Still, mutilated black bear bodies continue to turn up around the province.
In September, the body of a black bear missing both front paws was found in a field in Pitt Meadows, though its gall bladder and back paws had been left intact.
A year ago, a black bear carcass was found in North Vancouver missing its head and claws. It’s abdomen had been cut open but the carcass was too decomposed for officers to determine if organs had been removed.
Insp. Chris Doyle, acting deputy chief of provincial operations for the Conservation Officer Service, said black bear poaching remains a concern though it’s difficult to separate cases for statistical purposes.
“It’s not uncommon for bears to be found that have been possibly harvested illegally and with parts missing,” he said.
“There’s obviously some that would go undetected or unreported as well.”
Conservation officers occasionally intercept black bear parts due for export at the airport, Doyle said, and the agency is investigating an incident where a gall bladder was found in someone’s luggage this spring.
Registered traditional Chinese medicine practitioners are forbidden by the College of Traditional Chinese Medicine Practitioners and Acupuncturists of B.C. from using such parts.
“The poaching of the black bear is barbaric and cannot be tolerated,” said Mary Watterson, the college’s CEO and registrar, in an email.
Watterson said the use of bear bile isn’t permitted in the province’s TCM practices and the college ensures its registrants uphold the law.
Meanwhile, Smith said a public release was sent out regarding the carcass near Sechelt in hopes the poachers can be tracked down.
“We’re run out of substantive evidence at the site,” Smith said.
“This is an opportunity for the public — somebody always knows something.”

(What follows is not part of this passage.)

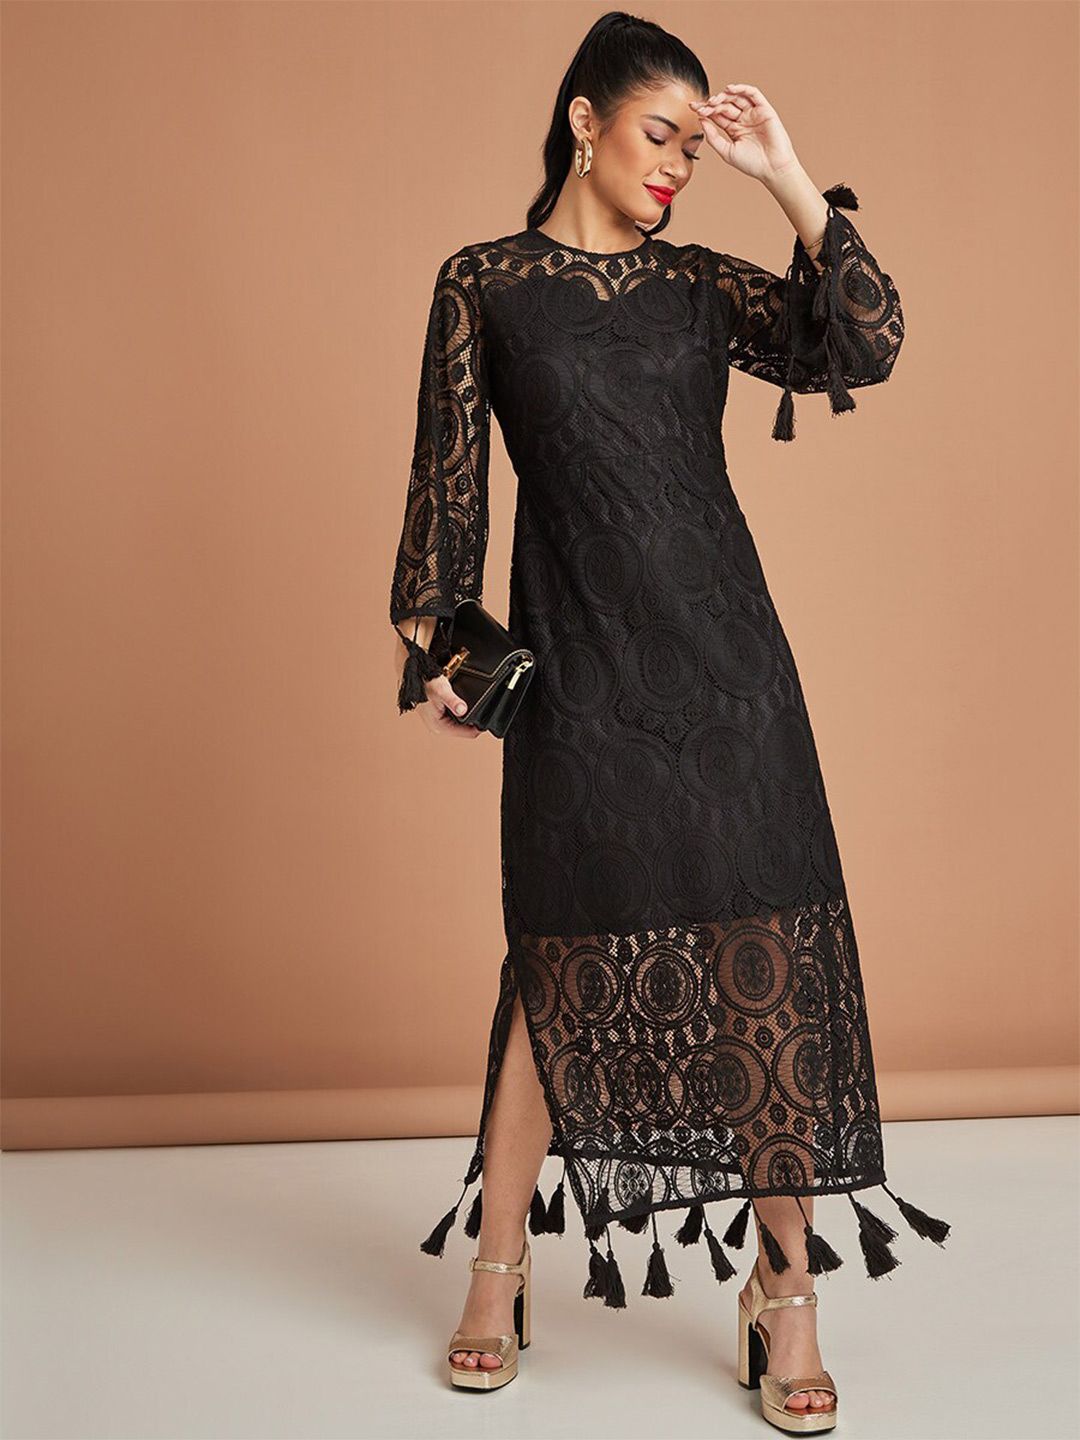 Styli Black Maxi Dress Price in India

Those looking to make a confidential report about this or other incidents can phone the Report All Poachers and Polluters (RAPP) toll-free number at 1-877-952-7277.
Poachers pay the price
High-profile bear poaching charges in B.C.

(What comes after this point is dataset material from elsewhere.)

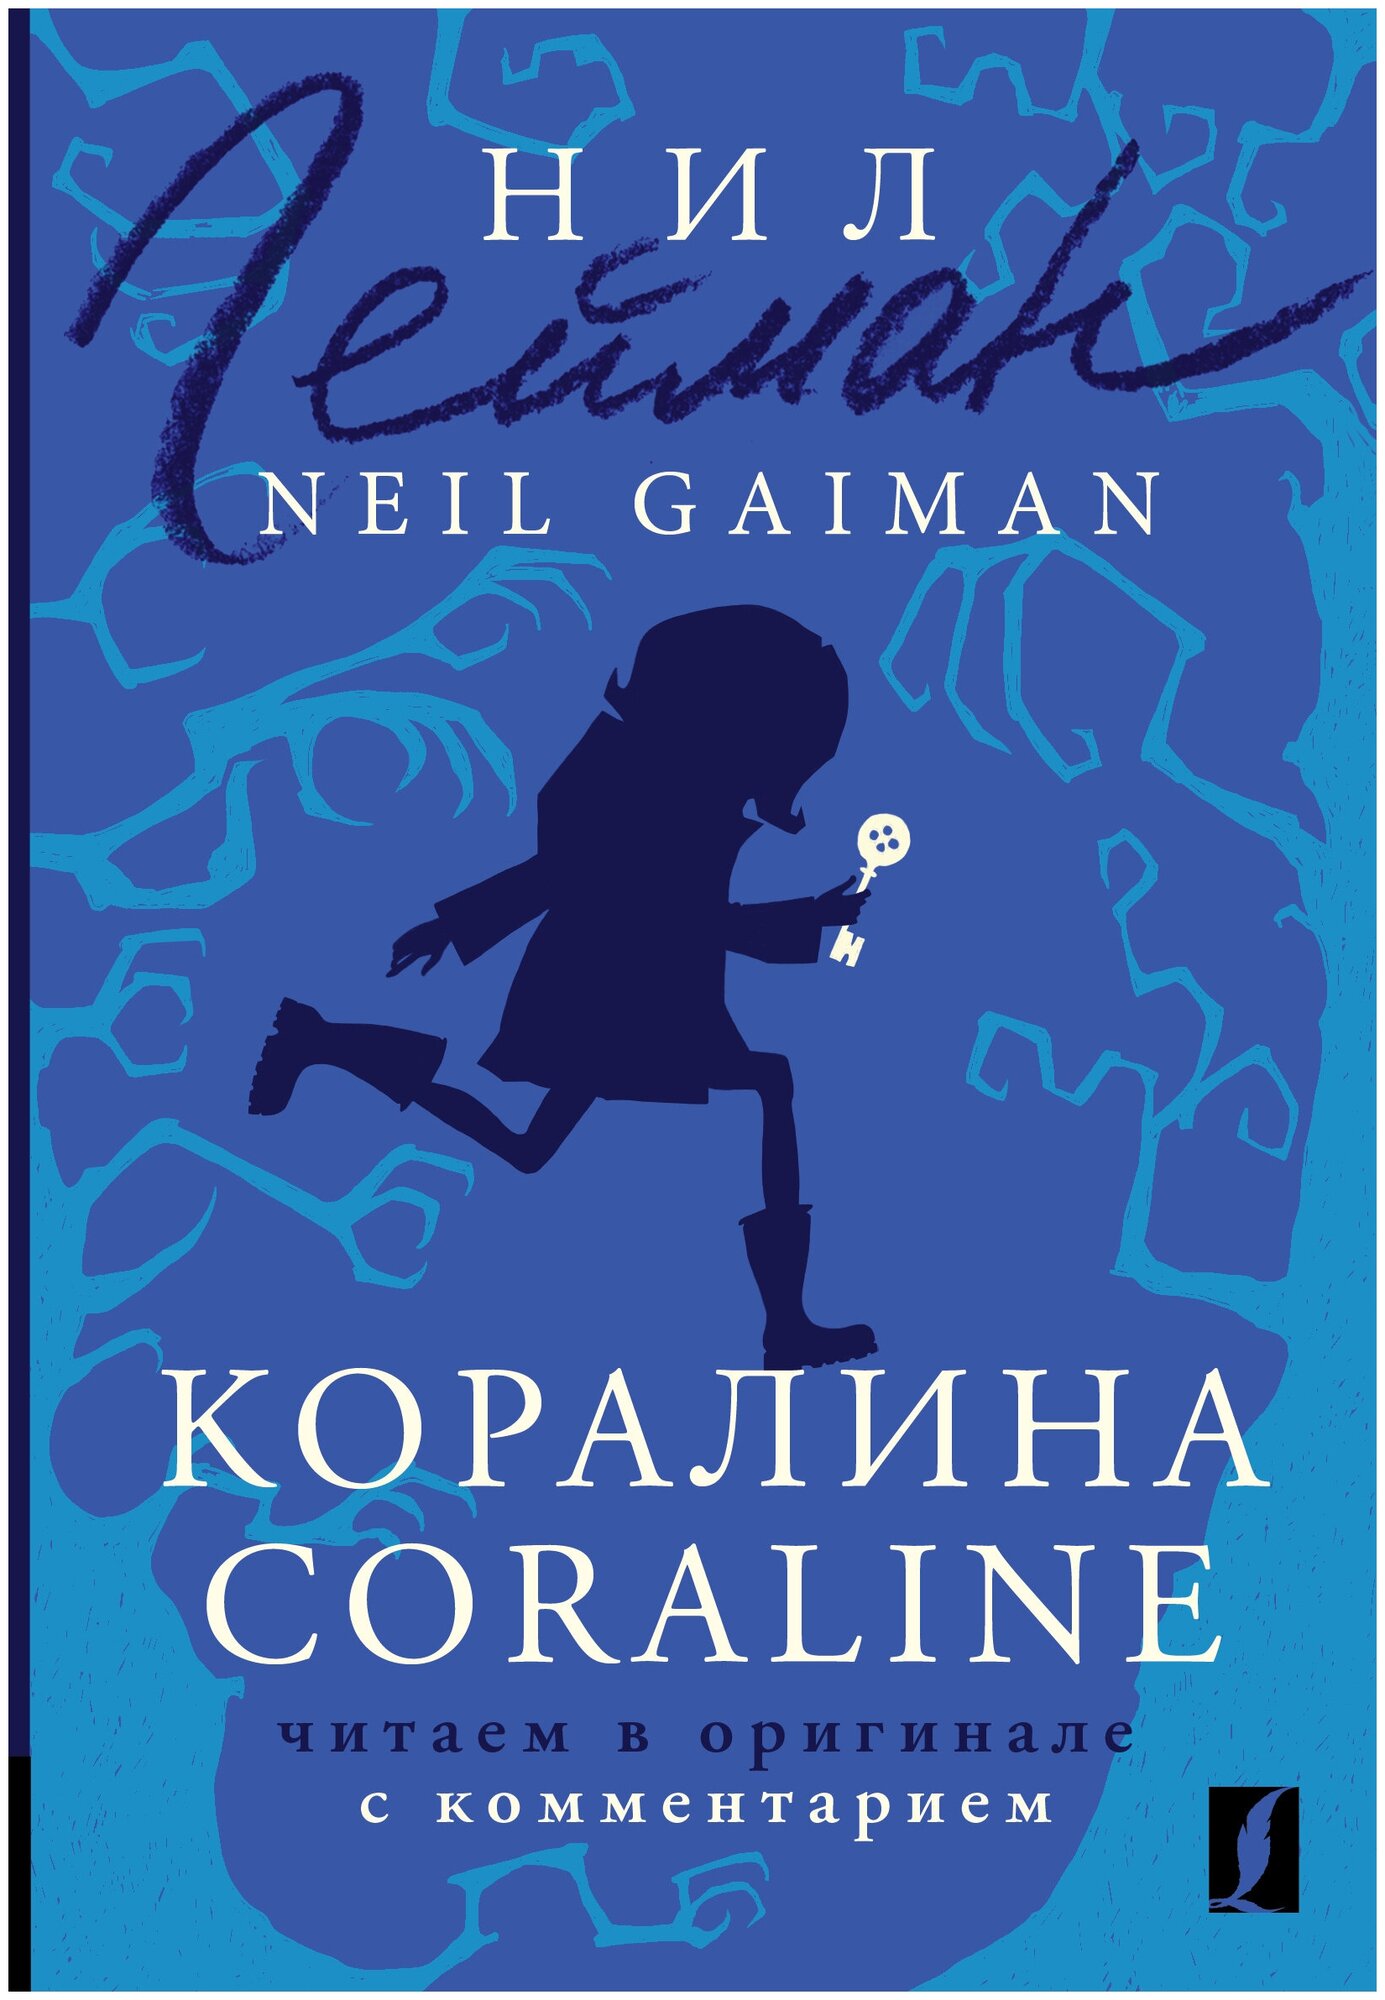 Коралина Coraline читаем в оригинале с комментарием Книга Гейман Нил 12+

2014: Nanaimo resident Fan Liu attempted to buy illegal gall bladders during an undercover operation. Penalty: $15,000 fine and $1,320 payment forfeited.
2011: Richmond resident Zhen Kun Chen was caught carrying three black bear paws in carry-on luggage at YVR. Penalty: $4,000 fine.

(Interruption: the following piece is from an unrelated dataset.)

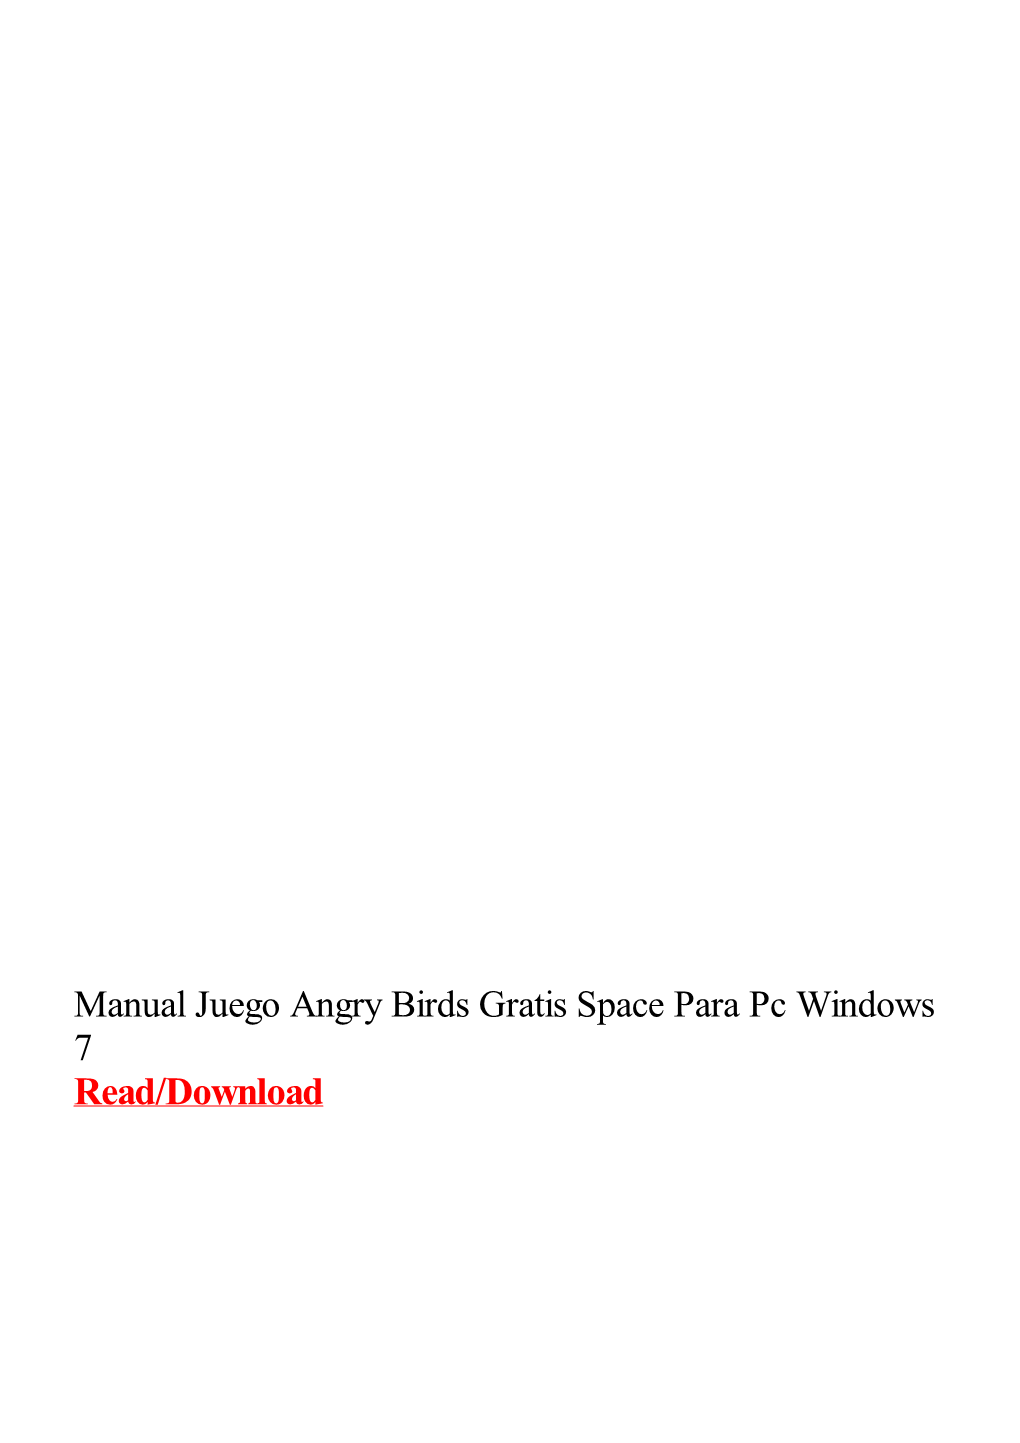 Manual Juego Angry Birds Gratis Space Para Pc Windows 7

2005: Burnaby couple Kwang Ho Yoon and Myung Soon Yoon were caught in possession of a black bear gall bladder at a road check. Penalty: $6,000 fine and semi-automatic rifle confiscated.
2000: Burnaby resident Jae Beum Hue killed a black bear sow during closed season and took its paws and gall bladder. Its two young were presumed starved. Penalty: $14,500 fine, $5,000 rifle confiscated and 14 days in jail. Video.